Sharded Tables for Directory-Based Sharding

Create directory-based sharded tables using PARTITION BY DIRECTORY in the CREATE SHARDED TABLE statement.

For example:

CREATE SHARDED TABLE customers
( id             NUMBER NOT NULL
, name           VARCHAR2(30)
, address        VARCHAR2(30)
, status         VARCHAR2(1)
,
CONSTRAINT cust_pk PRIMARY KEY(id)
)
PARTITION BY DIRECTORY (id)
( PARTITION p1 TABLESPACE tbs1,
  PARTITION p2 TABLESPACE tbs2,
  PARTITION p3 TABLESPACE tbs3…);

Note:

  • Unlike in user-defined sharding, key values are not specified for the partitions in the CREATE TABLE statement.

  • The directory table is automatically created during root table creation. The definition of the directory table is:

    <shard_user_schema>.<root_table>$SDIR

  • If a child table is created with PARENT clause in a different schema from the root table, an additional privilege is required for the child table's schema owner. (This is only for directory-based sharding and is not required for regular user-defined sharding.)

    This is because there is a foreign key constraint on the child table to the directory table's sharding key columns, to ensure that no rows can be inserted into the child table without the sharding key value being present in the directory mapping. As a consequence, the child table's schema needs a reference privilege on the directory table's sharding key columns.

    See "Granting References" in Creating Tables Sharded by Directory for the workaround.

Creating Duplicated Tables

The number of database requests handled by a single shard can be maximized by duplicating read-only or read-mostly tables across all shards.

Duplicated tables are a good choice for relatively small tables that are not updated frequently, and that are often accessed together with sharded tables.
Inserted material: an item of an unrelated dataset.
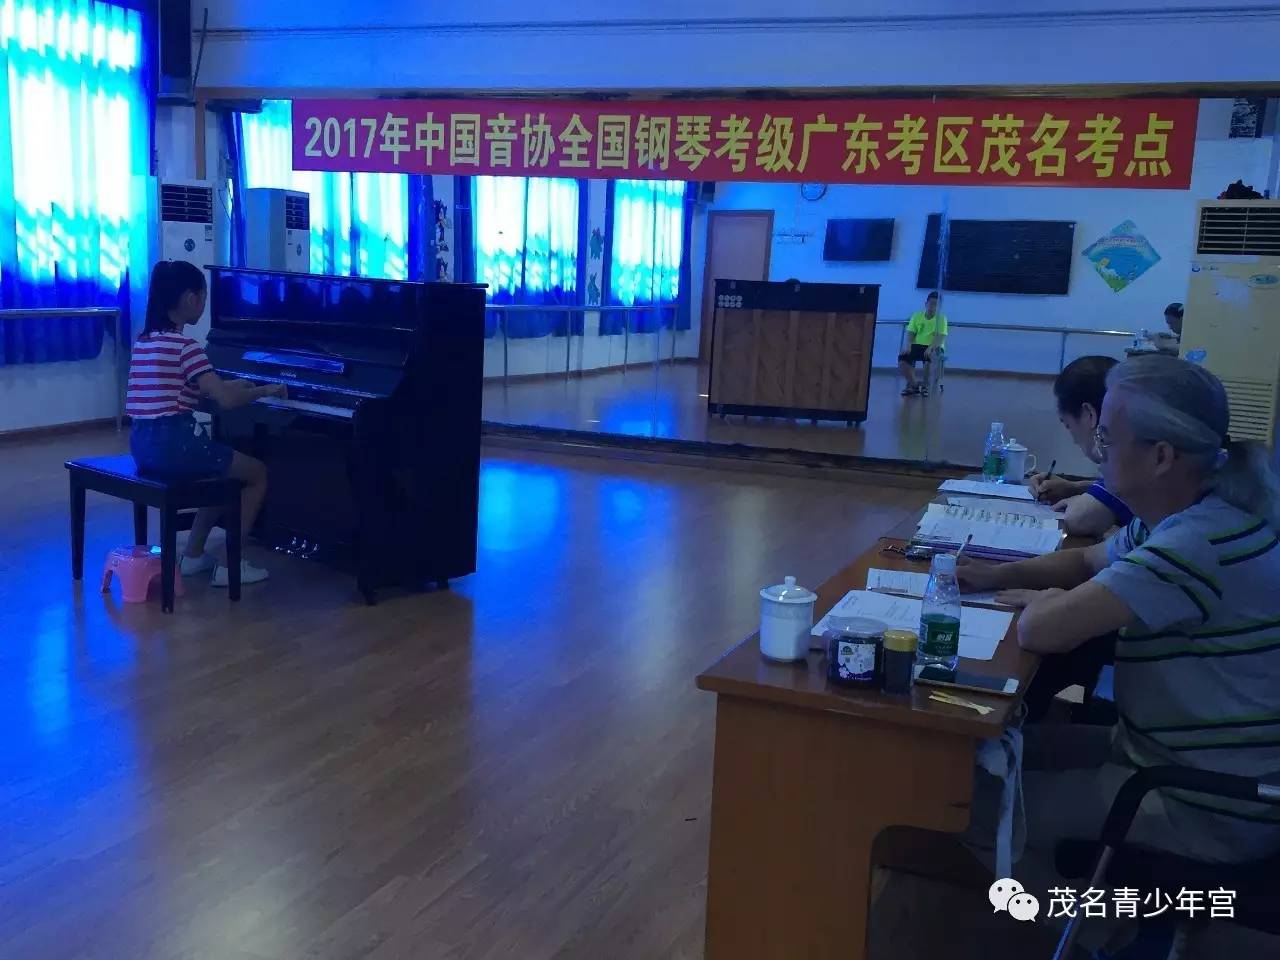 2017年中国音协全国钢琴考级圆满结束

See Duplicated Tables for more detailed concepts and a diagram.

Types of Duplicated Tables

There are three types of duplicated tables you can create in a distributed database:

With the first two types of duplicated table, you can connect to any shard and update a duplicated table directly on the shard. Then the update is asynchronously propagated to all other shards.

A synchronous duplicated table is a duplicated table that is synchronized on the shards ‘on-commit’ on the shard catalog. The rows in a duplicated table on the shards are automatically synchronized with the rows in the duplicated table on the shard catalog when the active transaction performing DMLs on the duplicated tables is committed.

See Updating Duplicated Tables and Synchronizing Their Contents for more details.

Creating a Duplicated Table

A duplicated table, Products, can be created using the following statement:

CREATE DUPLICATED TABLE Products 
( StockNo     NUMBER PRIMARY KEY
, Description VARCHAR2(20)
, Price       NUMBER(6,2))
;

Creating a Synchronous Duplicated Table

To create this same table as a synchronous duplicated table, use the SYNCHRONOUS keyword in the statement, as shown here:

CREATE DUPLICATED TABLE Products 
( StockNo     NUMBER PRIMARY KEY
, Description VARCHAR2(20)
, Price       NUMBER(6,2))
SYNCHRONOUS;

See CREATE TABLE in Oracle Database SQL Language Reference for more information about the DUPLICATED clause.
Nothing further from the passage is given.